Dalam berbagai lembaga survei, nama Anies berada di urutan ketiga atau di bawah Ganjar dan Prabowo.
"Wajah Anies sebagai representasi kelompok oposisi hanya sebatas hore-hore di permukaan, lebih banyak gimmick, tapi belum menyentuh sesuatu yang substansial," ujar Adi saat dimintai konfirmasi, Senin (7/8/2023).
Adi menyampaikan, apa yang Anies lakukan jelang Pilpres 2024 ini berbeda dengan yang Anies lakukan pada Pilgub DKI Jakarta 2017.
Menurut dia, Anies saat itu sangat mencolok sehingga berbeda dari dua calon lainnya, yakni Basuki Tjahaja Purnama (Ahok) dan Agus Harimurti Yudhoyono (AHY).
Pada 2017, pasangan Anies-Sandiaga Uno memang keluar sebagai pemenang di Pilgub DKI Jakarta.
"Misalnya Anies tolak reklamasi, tolak penggusuran, jualan program OKE-OCE, DP rumah nol persen, dan lain-lain, meski dalam praktiknya tak sepenuhnya terwujud. Tapi sebagai pembeda dengan yang lain, jualan isu Anies di Jakarta saat itu sangat laku," tutur dia.
Adi menilai, Anies belum mencolok seperti itu menjelang Pilpres 2024 ini.
Sebagai kubu perubahan, seharusnya Anies bisa menunjukkan jenis "kelamin" politik yang berbeda dengan Prabowo dan Ganjar.
Misalnya, kata Adi, Anies bisa saja menolak melanjutkan Ibu Kota Nusantara (IKN) karena dinilai ugal-ugalan, tak lagi fokus pada insfrastruktur, dana infratruktur dialihkan pada sektor lain yang lebih berguna untuk rakyat kecil, menolak utang luar negeri, hingga mengurangi ketergantungan dengan China.
Sementara itu, Adi tidak menampik adanya pengaruh endorsement Presiden Joko Widodo dalam meningkatkan elektabilitas capres.
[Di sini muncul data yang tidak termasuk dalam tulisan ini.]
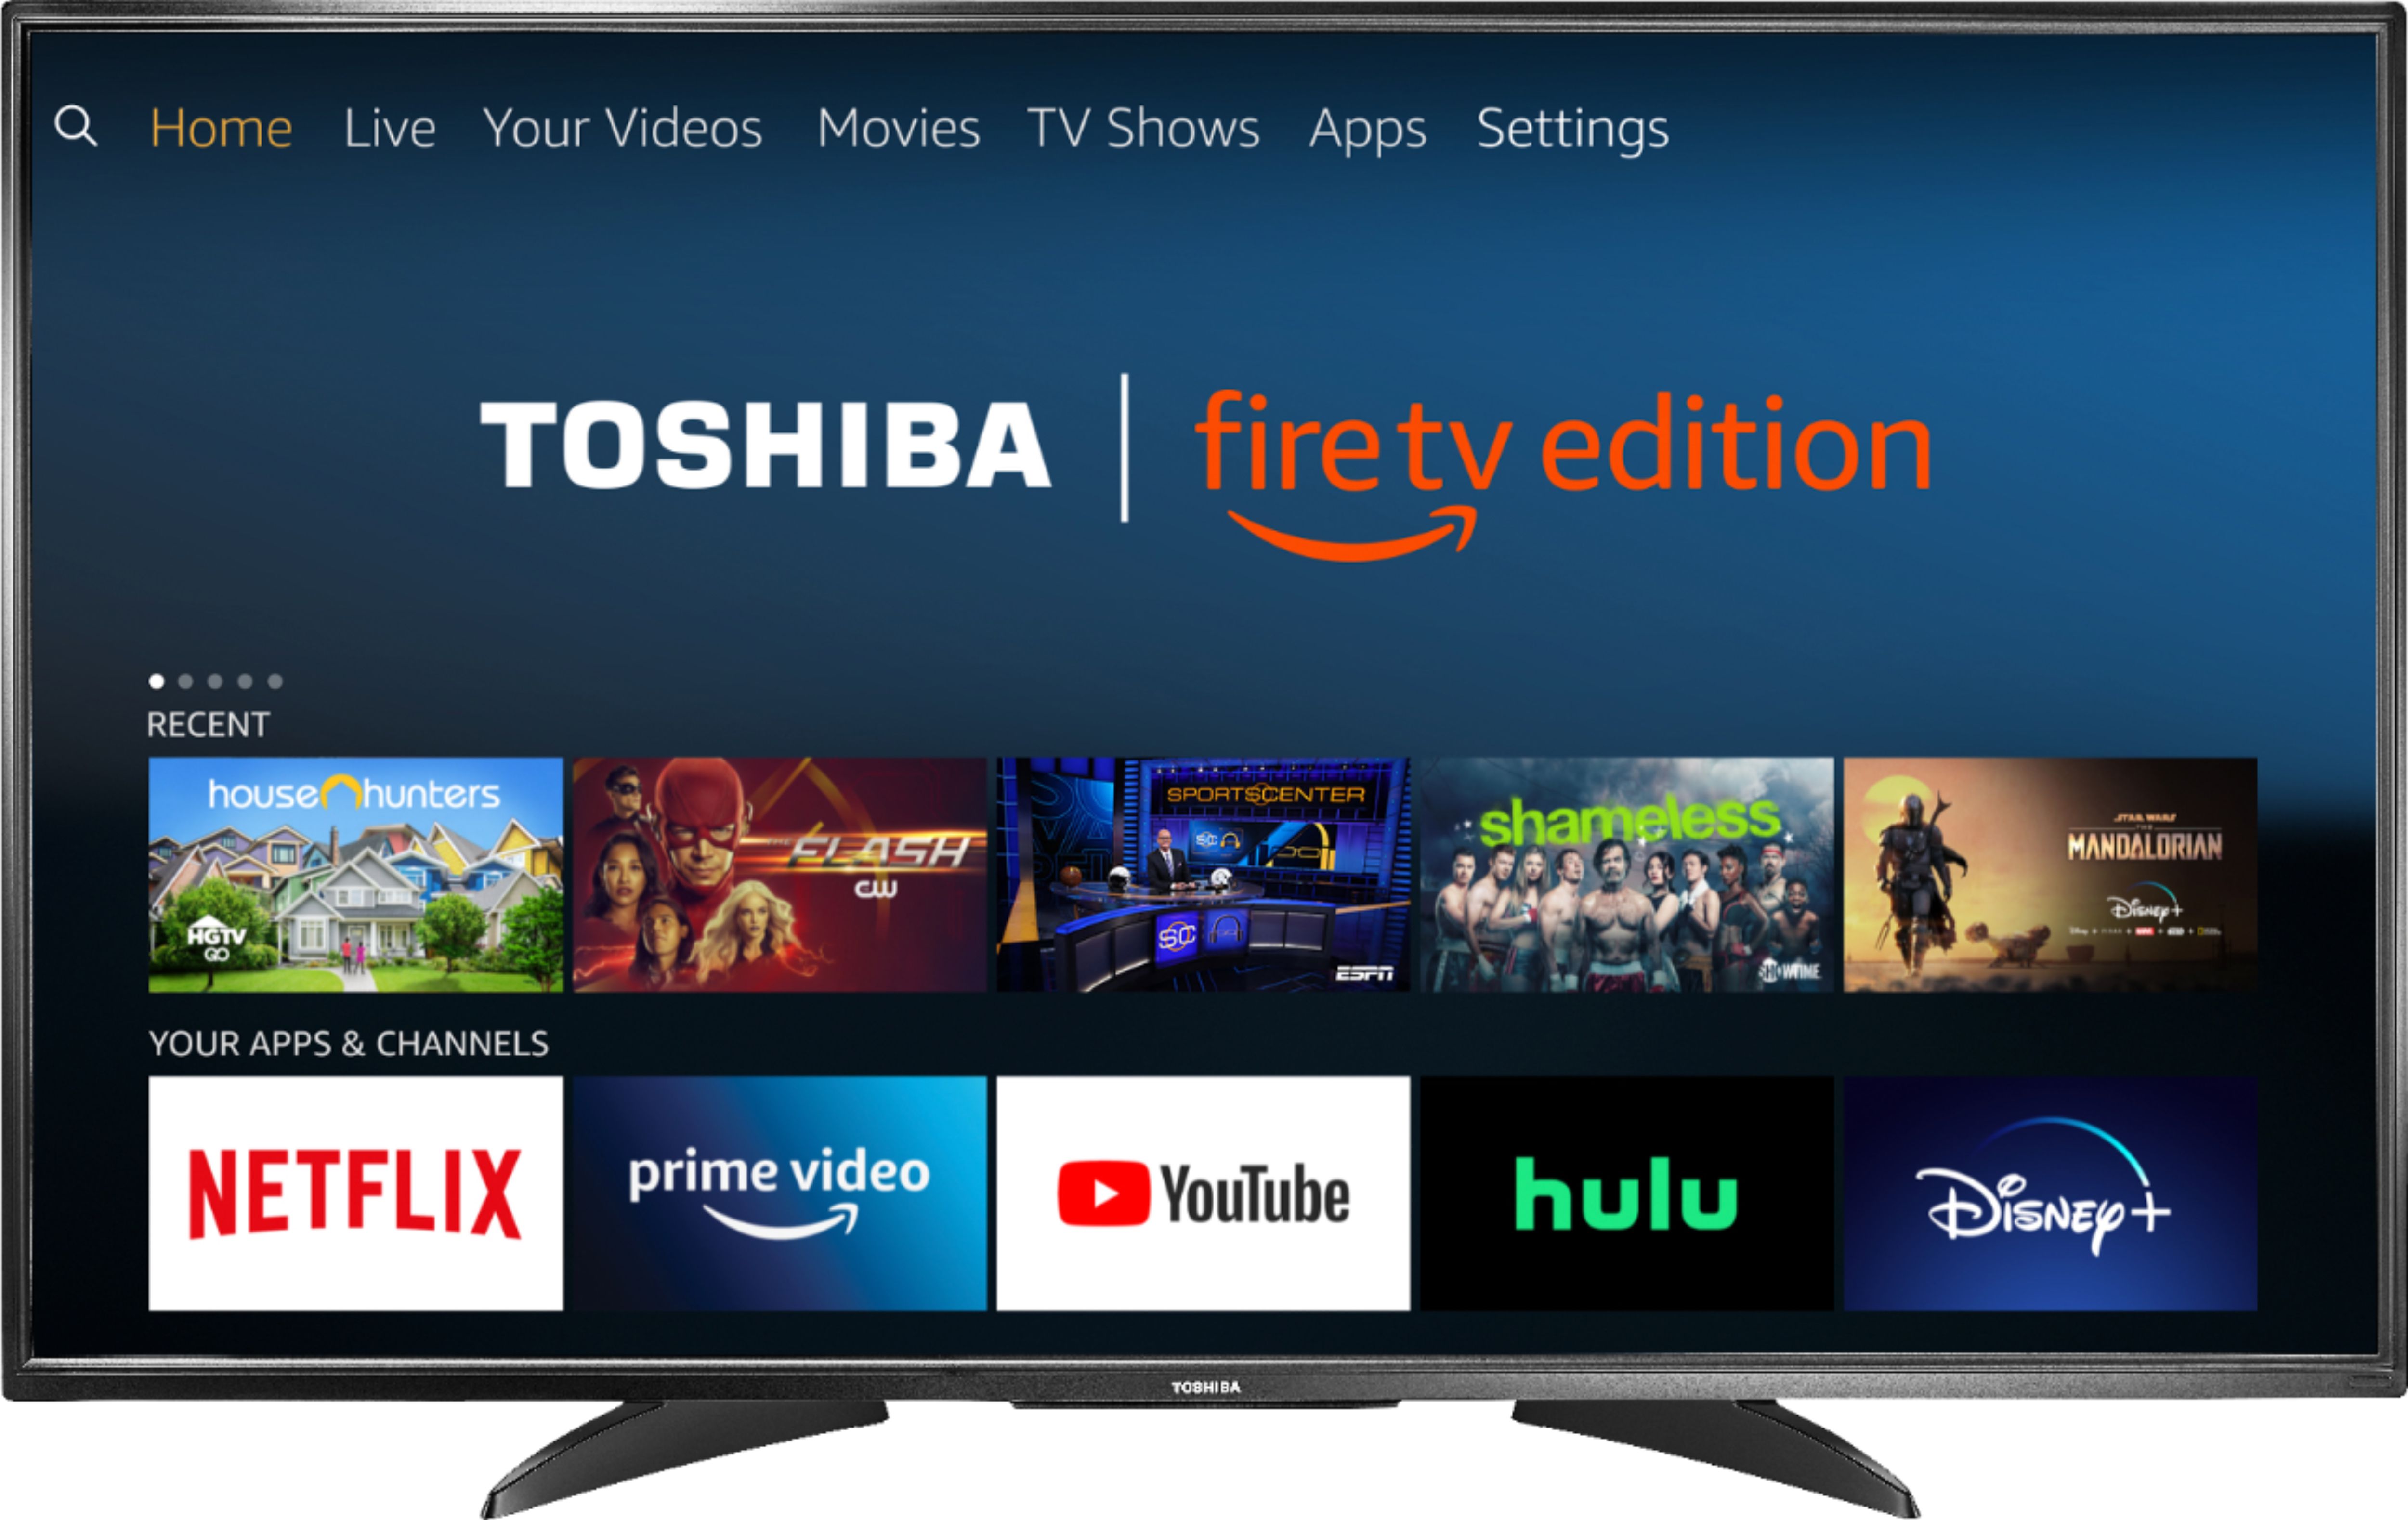 Best Buy Toshiba 55 Class Led 2160p Smart 4k Uhd Tv With Hdr Fire Tv Edition 55lf621u19

"Faktor kepuasan terhadap Jokowi yang tinggi turut mempersempit pasar pemilih Anies. Semakain publik puas ke Jokowi, makin susah bagi Anies nyari pemilih," kata Adi.
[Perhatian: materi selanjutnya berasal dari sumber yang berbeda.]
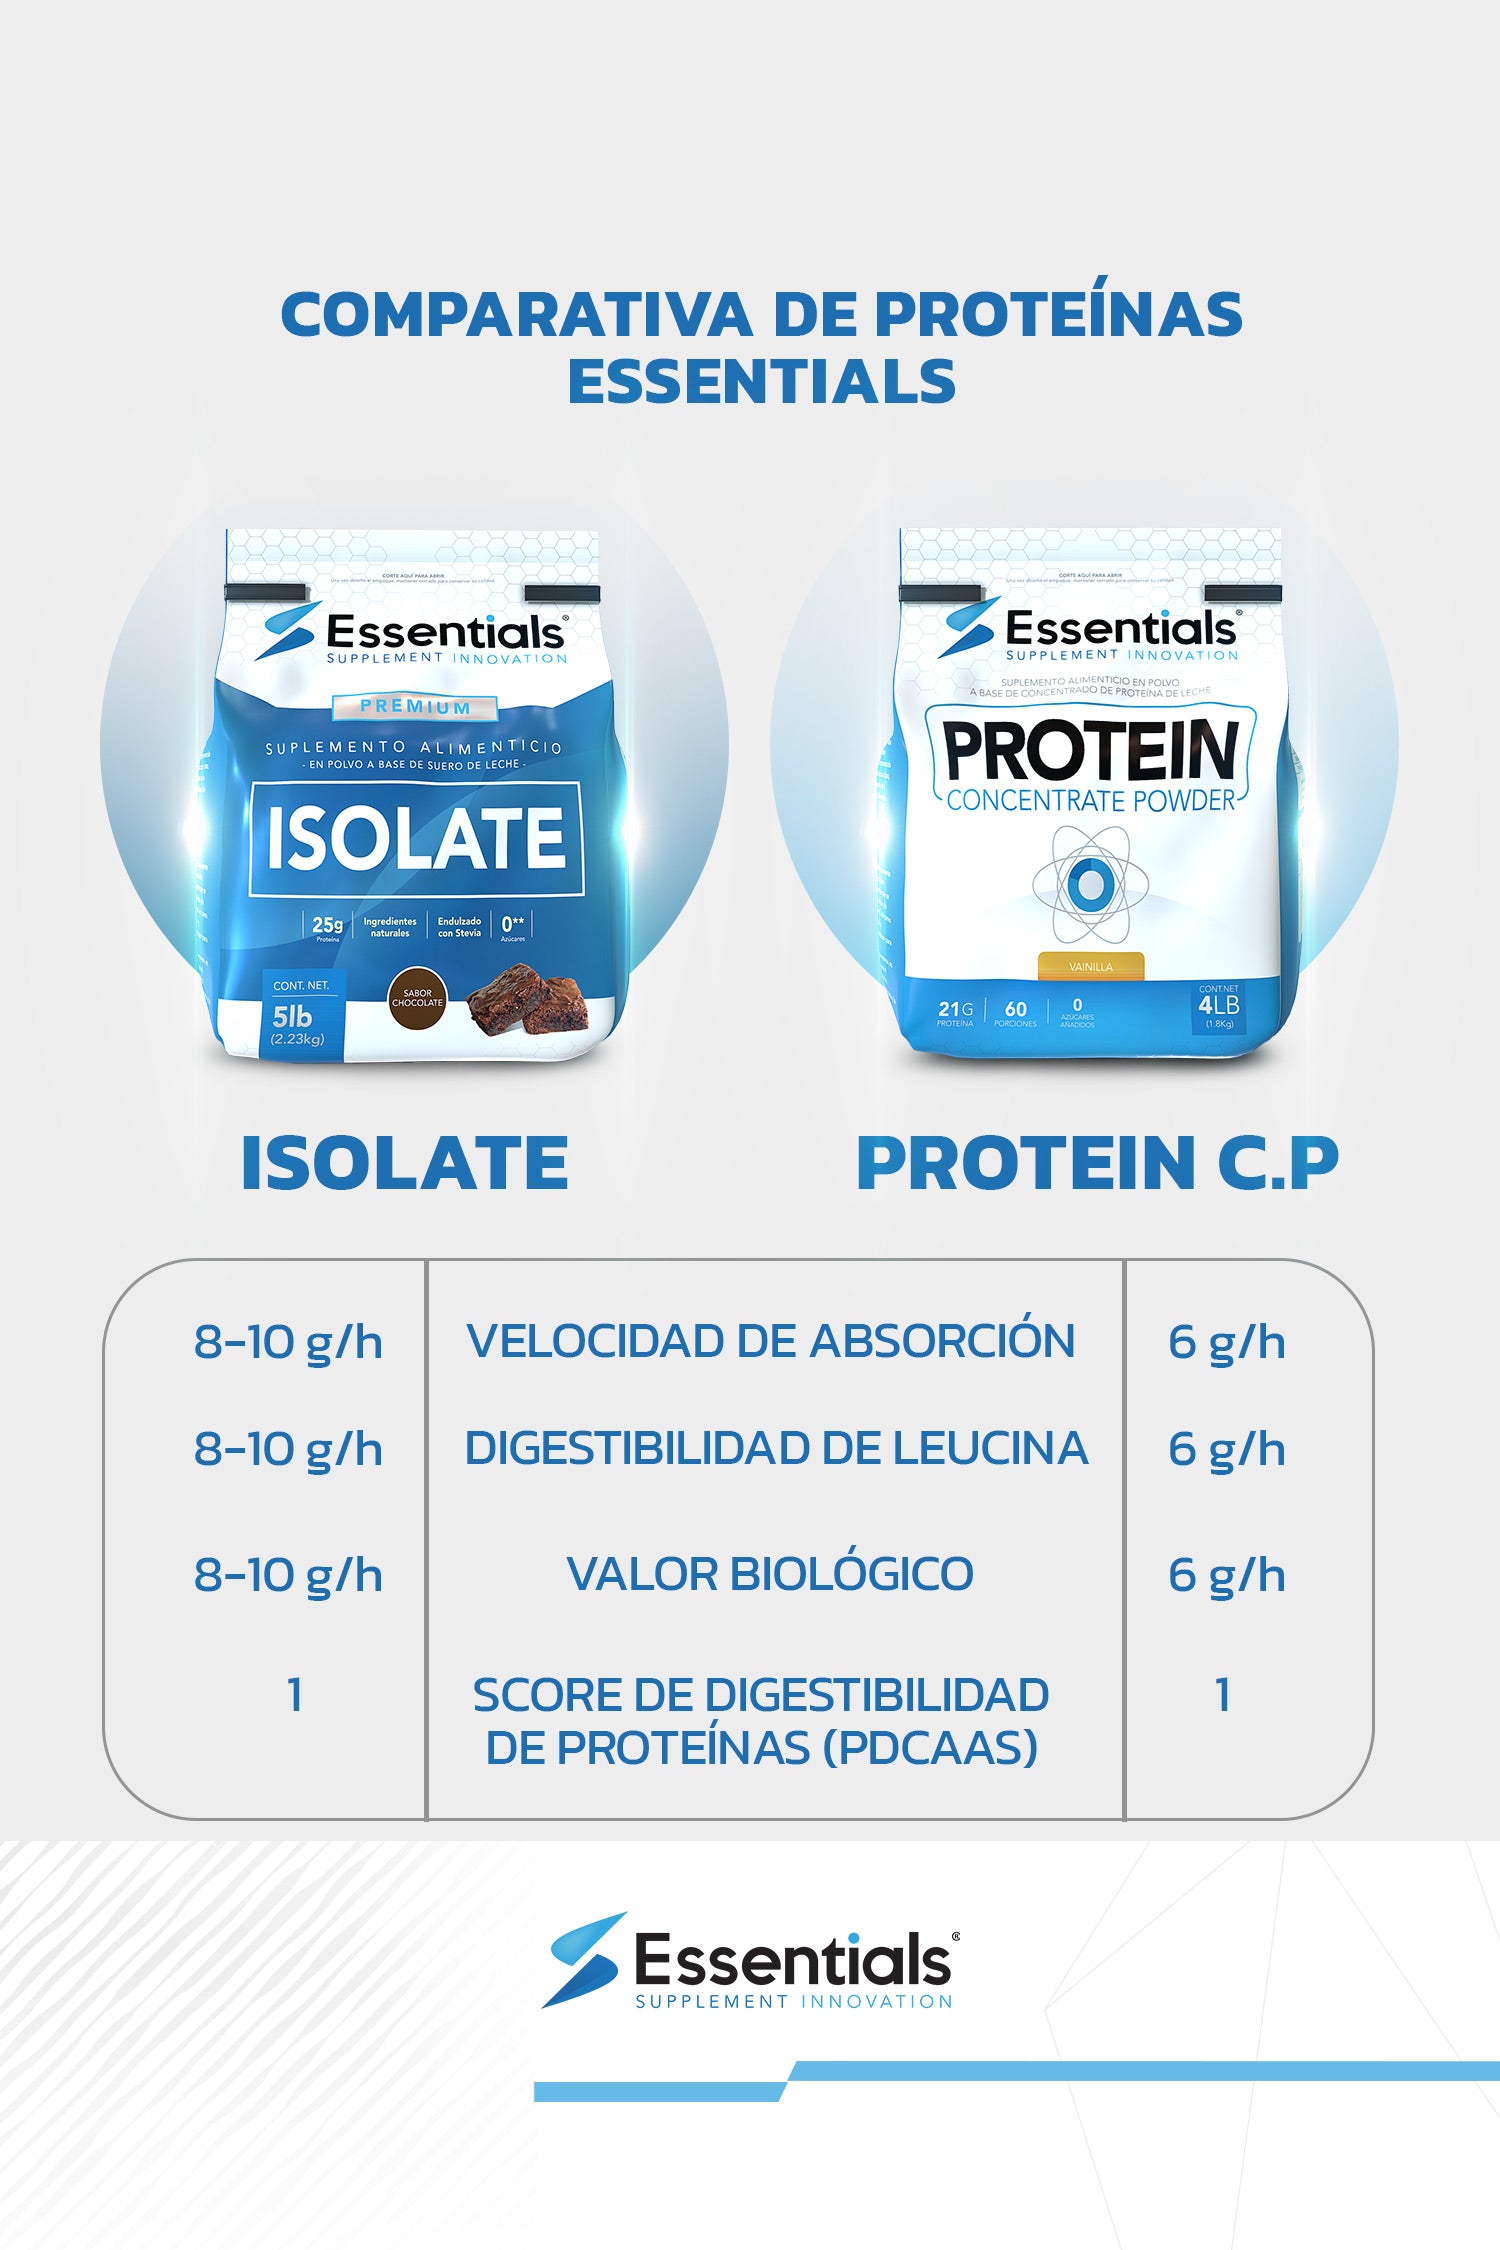 Protein Whey Concentrate Powder 4Lb

"Sebaliknya, makin rendah kepuasaan terhadap Jokowi, makin luas kesempatan dapat pemilih. Karenanya, Anies harus bisa men-downgrade Jokowi sambil menawarkan sesuatu yang kelihatan lebih baik," kata dia.
Hasilnya, Prabowo berada di peringkat teratas dengan 31,6 persen, Ganjar mengantongi 31,4 persen, sedangkan Anies 17,6 persen.
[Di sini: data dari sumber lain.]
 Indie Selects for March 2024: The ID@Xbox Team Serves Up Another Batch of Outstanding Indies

Untuk Prabowo dan Ganjar, Adi melihat kedua sosok tersebut memang sudah memiliki bekal popularitas dan elektabilitas yang tinggi.
Adi mengatakan, Prabowo kuat di isu nasionalisme dan geopolitik. Sedangkan Ganjar punya kelebihan seperti Jokowi, yakni merakyat.
"Pada level isu, Prabowo kuat di isu nasionalisme dan geopolitik, serta mengamplifikasi kedekatannya dengan Jokowi. Sementara Ganjar dinilai merakyat, ramah, dan sederhana," kata Adi.
Ia turut memaparkan kelemahan masing-masing bakal capres yang bisa menjadi faktor turunnya elektabilitas mereka.
Menurut Adi, Anies terkenal sebagai 'Bapak politik identitas' pada Pilkada DKI Jakarta lalu.
Untuk Prabowo, masa lalunya selalu dikaitkan dengan isu pelanggaran HAM di tahun 1998.
Adapun Ganjar berkaitan dengan insiden Wadas serta kemiskinan di Jateng yang tak kunjung terselesaikan.
"Jadi peluru tajam menyerang Ganjar," kata dia.